- Occupations: Software designer, UI designer
- Years active: 1999–present
- Employer: Apple Inc.
- Known for: User interface design at Apple

= Stephen Lemay =

American designer

Stephen Lemay is an American software and user interface designer best known for his long-standing role at Apple Inc.. He has been a member of Apple's design organization since 1999 and was appointed Head of User Interface Design in 2025. Lemay is considered one of the key contributors to the evolution of Apple's software interfaces across multiple platforms.

== Career ==
Lemay joined Apple in 1999 and has worked within the company's software design and human interface teams for more than two decades. During this time, he has contributed to the design and refinement of Apple's core operating systems, including macOS, iOS, iPadOS, watchOS, and visionOS.

He has been involved in the development of Apple's system-level interaction models, including touch-based input, text selection, and stylus-related interface behaviors.
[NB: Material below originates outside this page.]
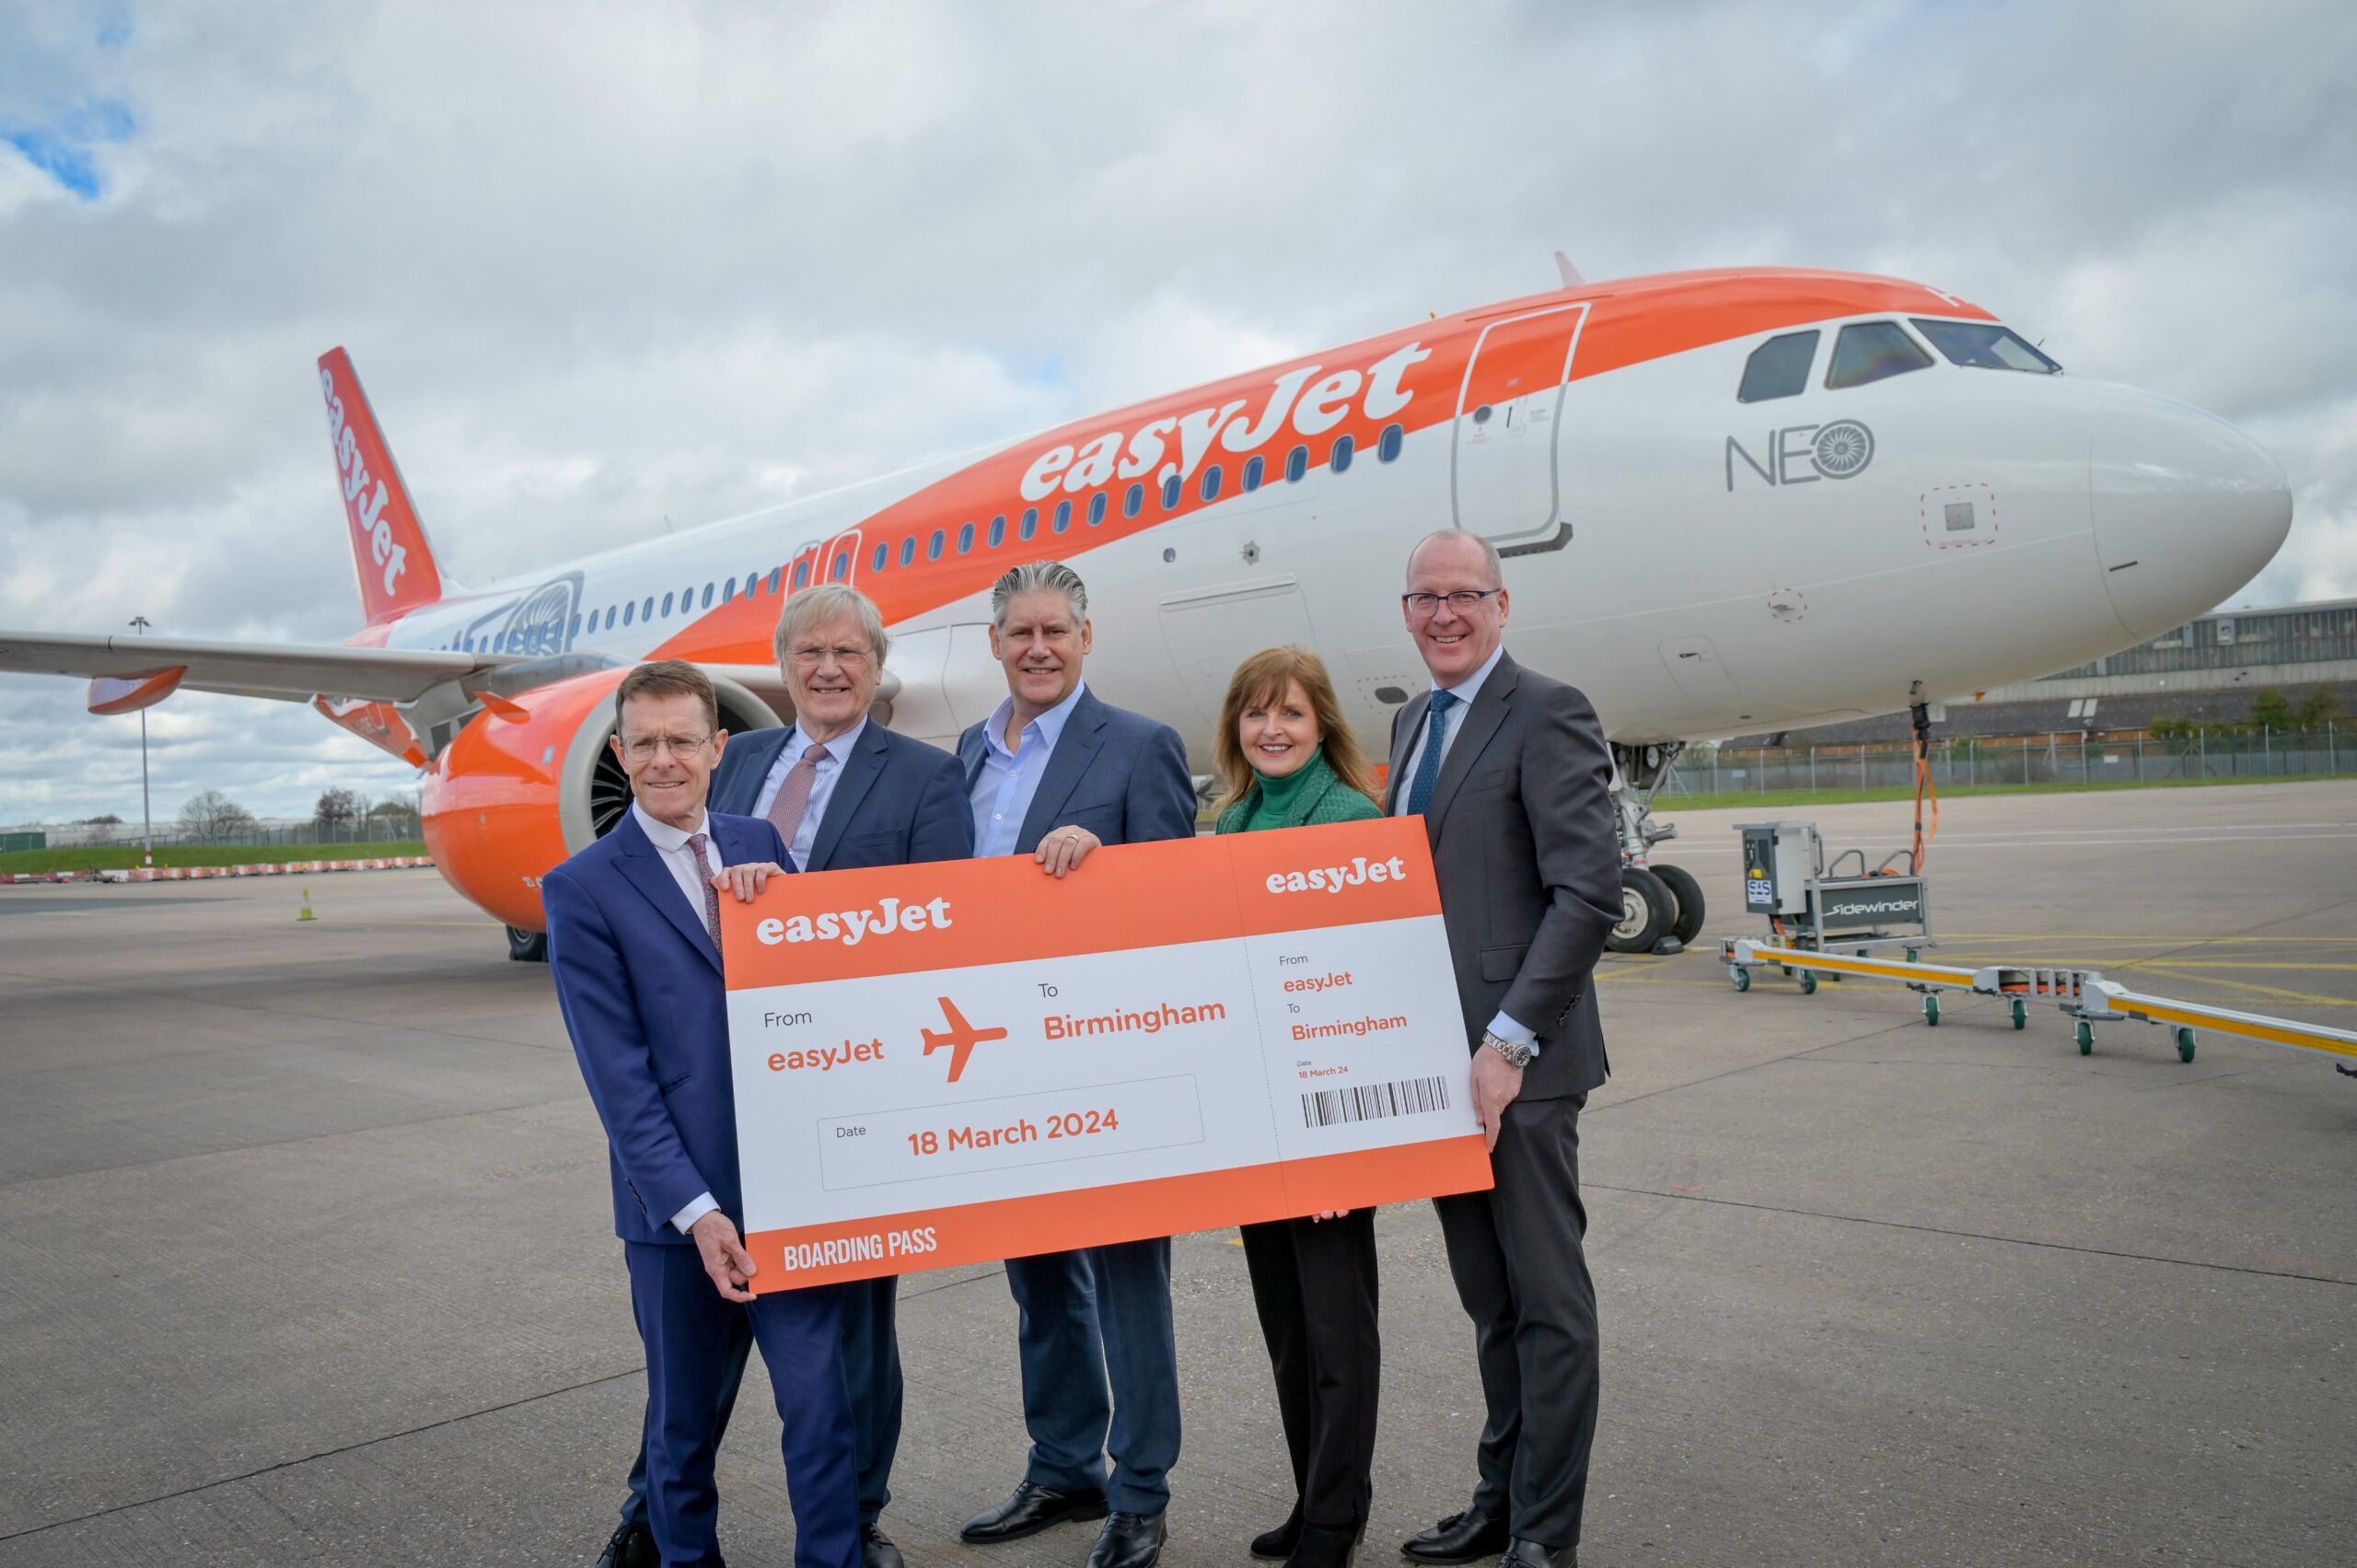 easyJet's new base was inaugurated on 18 March 2024

Media reports and patent records associate Lemay with interaction design work related to Apple Pencil, particularly in areas concerning precision input, handwriting, and system responsiveness.

== Design contributions ==
Lemay has played a role in shaping several major phases of Apple's software design language. He contributed to the maturation of the Aqua user interface introduced in early versions of macOS, helping define its visual depth, motion, and interaction principles.

In later years, he was involved in internal efforts to modernize Apple's interface systems, including work associated with translucent materials, layered surfaces, and glass-like visual effects. Some media outlets and developers have referred to these internal design directions as part of Apple's evolving "Liquid Glass" aesthetic, particularly as seen across recent versions of iOS, macOS, and visionOS.

== Head of User Interface Design ==
In 2025, Lemay was promoted to Head of User Interface Design at Apple following a leadership transition within the company's design organization. His appointment was viewed as a continuation of Apple's existing design philosophy, given his deep institutional knowledge and long involvement with the company's software interfaces.

Colleagues and commentators have described Lemay as a detail-oriented designer with a strong emphasis on usability, consistency, and long-term system thinking across Apple's ecosystem.